Когда тренер по баскетболу говорил 11-летнему мне, что надо перейти в спорткласс в другую школу, я ответил таким демаршем, что ни батя, ни тренер не смогли меня вернуть обратно под кольцо. А парни, с которыми я занимался, потом выиграли все что можно на юношеском уровне, но я почему-то не испытывал из-за этого горечи. Я пошел в бокс, потому что понимал: никто не даст прожить мне, как воробью на ветке, в стороне от коллектива. Но едва я выиграл район, как меня стали готовить к боям на город, словно я стаффордширский терьер. Я понял, что за городом последует республика, страна, Европа и я буду всю жизнь слышать, как тренер у канатов кричит мне в отбитые уши: «Go-go-go. Держись, не падай, бей». Разумеется, я тут же забросил бокс в чулан памяти, потому что он уже выполнил свою главную функцию: желающих меня унизить с каждым годом становилось меньше.
Потом я бросил Горный институт, куда поступил заодно со стадом своих знакомых: там был невысокий проходной балл и волосатая рука бабушкиной сестры. Но едва мне начали преподавать теорию матриц, я понял, что никогда это не полюблю, и ушел стажером в газету. Я еще дважды поступал в вузы, но ни один из них не заинтересовал меня дальше третьего курса. Я любил черпать знания из книг в Летнем саду, но не дольше чем до обеда. В те годы я сделал успехи в журналистике: получил несколько премий и был избалован гонорарами настолько, что не мог позволить себе бесплатно писать конспекты и курсовые. В итоге тридцатилетие я встретил со странным набором скальпов: недописанный роман, недоделанный ремонт, недораскрученный бизнес, недовоспитанный сын, который проводил у меня каникулы и о существовании которого я иногда надолго забывал, захлебнувшись в своих вечных командировках и бестолковых связях.

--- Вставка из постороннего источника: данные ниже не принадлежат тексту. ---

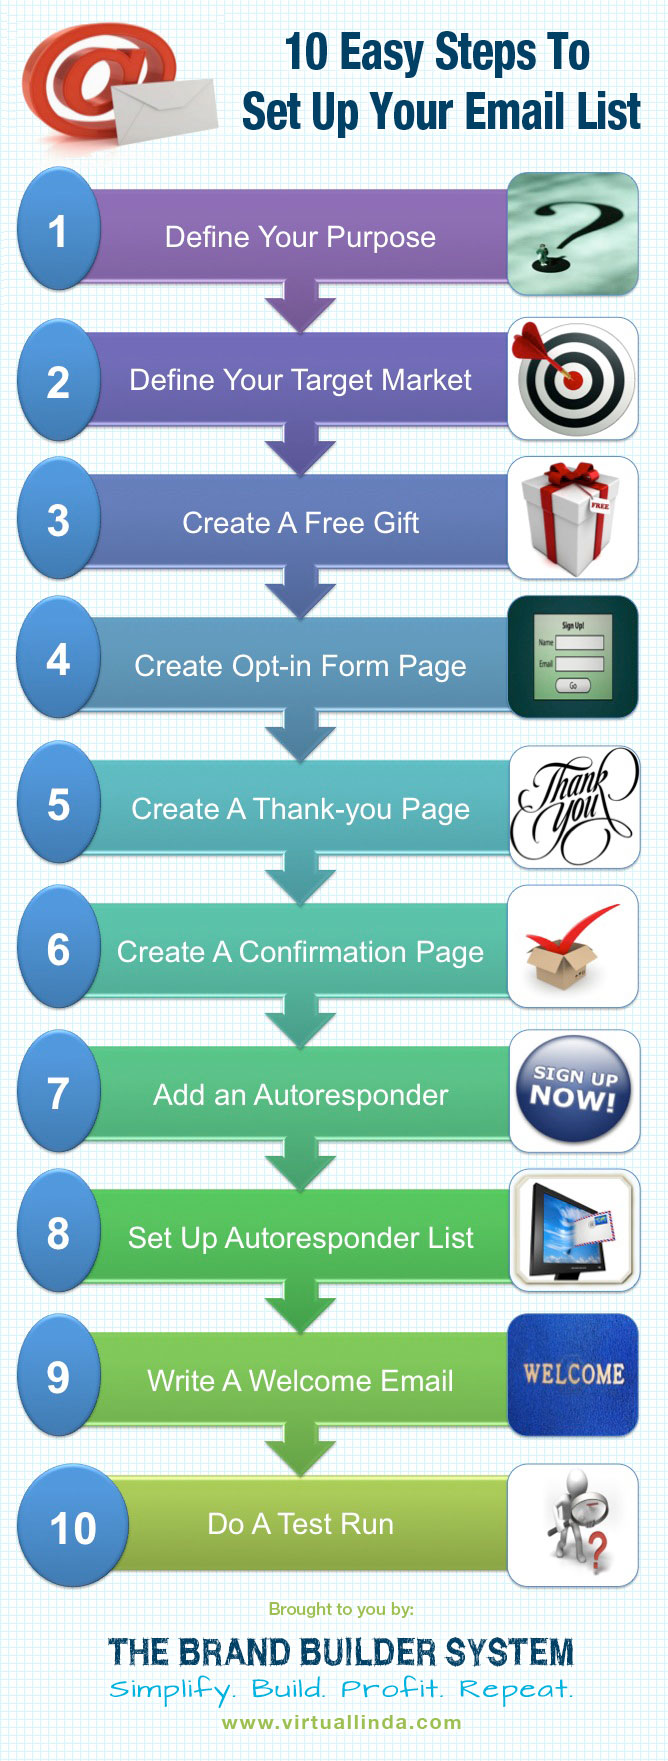 10 Easy Steps to Setup Your Email List [INFOGRAPHIC]

Долгое время я был лузером на полставки. То есть зацепился за хлебную должность, позволявшую вести жизнь этакого мастера в полете. Да, мне не нужно было отрывать у сладкой утренней дремы два часа. Столько же времени я мог потратить на обед, а вместо неудобного делового костюма и галстука носить свитер и джинсы. Когда на работе начинались репрессии и лай собак, я выписывал себе командировку в Москву, ставил у приятеля печать столичной фирмы на документы и валялся дома на диване, восхищаясь своей ловкостью.